Contrary to that, NASDAQ has a broker-dealers system that competes in providing market-making services concerning particular security.
Each security of NASDAQ reports to have 14 market makers for security.
How are Stocks traded?
The basic mathematics of the stock market is the gap between asking and bid prices. Once a stock has been traded on an exchange, the market forces will take over.
The stock can be traded many times throughout the day. Investors may purchase the shares and bid on them at a lower cost. Some traders also sell it or demand it for a premium cost.
The difference in the sale and purchase price is called an auction spread. The spread is crucial because of several factors.
It is an important source of income for market makers, who earn profits from the difference between the prices.
The second is that it indicates liquidity and attention to the company. The smaller the spread, the more liquid it is, which signifies that investors are keen on buying or trading the stock.
Liquid stocks are generally more resistant to extreme price swings due to the larger number of traders making their market.
However, the shares that aren’t liquid are more likely to show dramatic increases or declines in value since a single major deal could bring investors into the firm or force them to leave the company.
What exactly is what is a Stock Exchange?
A Stock Exchange is an institution that provides designed markets that deal in commodities, derivatives and securities and various financial equipment. It’s among the essential elements in the market for financial instruments. In this market, sellers and buyers join forces to complete transactions. Securities are purchased and then sold according to clearly defined laws and guidelines.
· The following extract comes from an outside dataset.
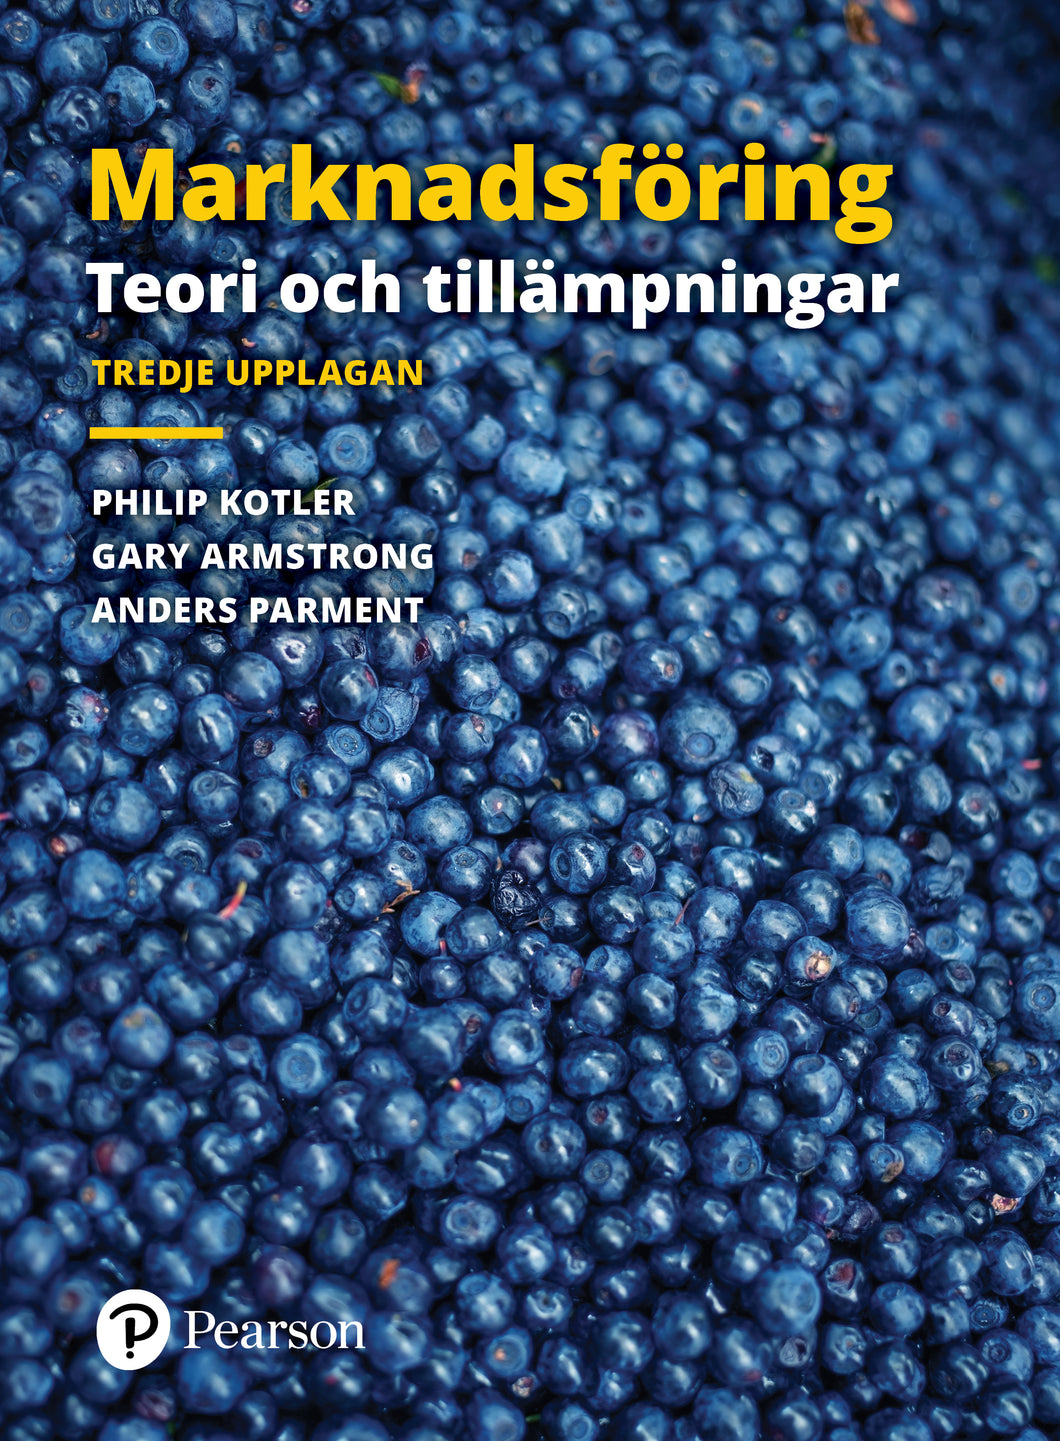 Marknadsföring: Teori och tillämpningar, 3rd edition e-book

Stock exchange provides the necessary structure and edifice to exchange members and their brokers dealing with different asset classes. It also oversees transaction actions to ensure fair and free trading.
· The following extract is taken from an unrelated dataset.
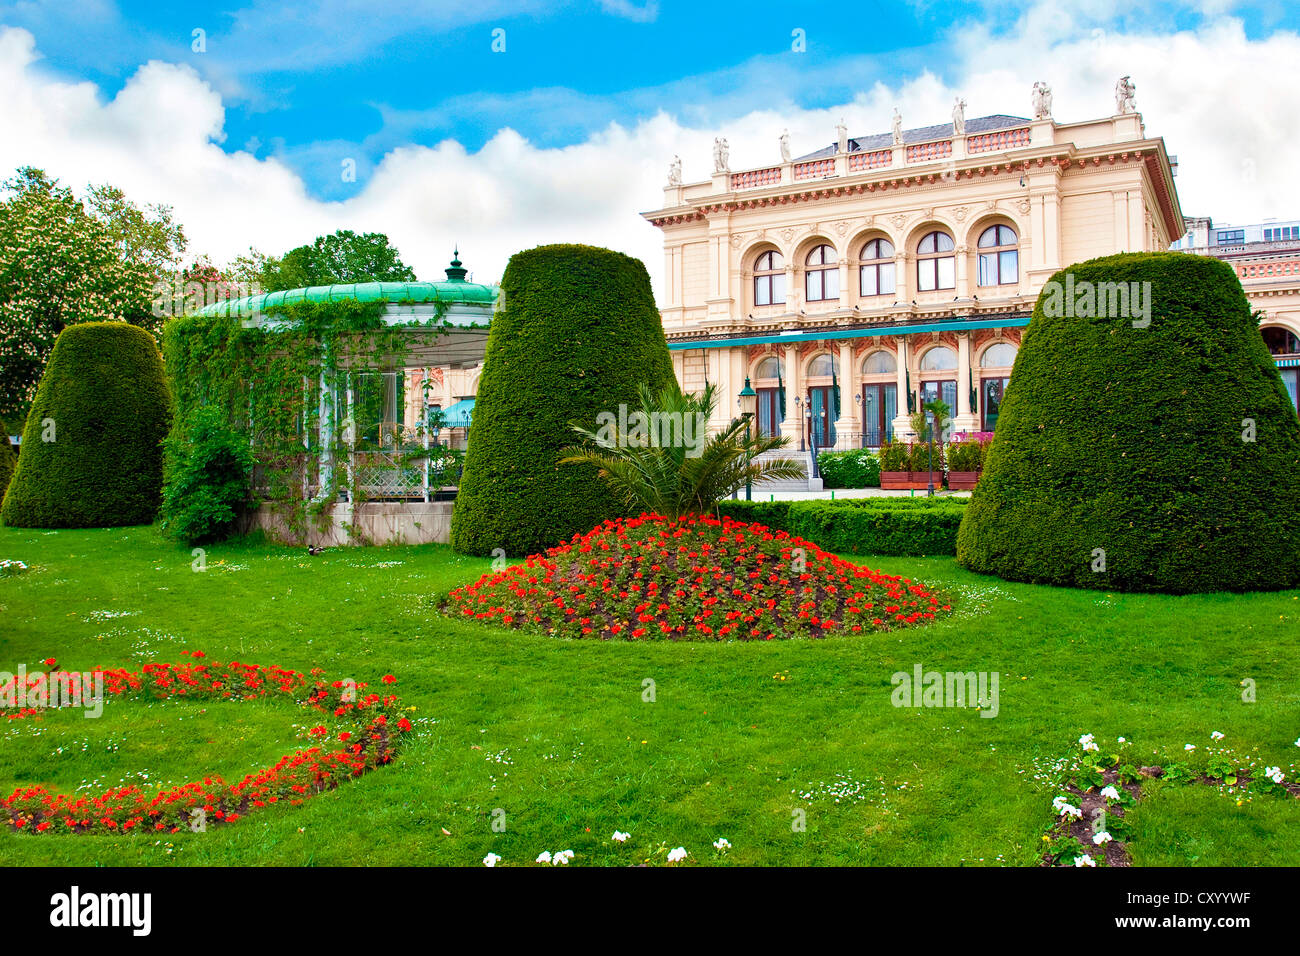 Vienne, Autriche, Kursalon, parc municipal, Stadtpark. Valse viennoise effectuée chaque soir à la musique de Strauss. Banque D'Images

The best part is that stock exchanges can also be considered the financial measures in an economy where industrial growth and firmness are reflected within the index. We will now examine the biggest Stock Exchanges around the world!
Bottom Line
The valuation of the stock exchange keeps fluctuating. However, the top five exchanges always remain within proximity. The earnings of the exchanges are recovering from the COVID pandemic. Investors should understand the situation before investing in any global company. There is, however, a lot of expectation for Asian stocks to rise and rise to a higher standard.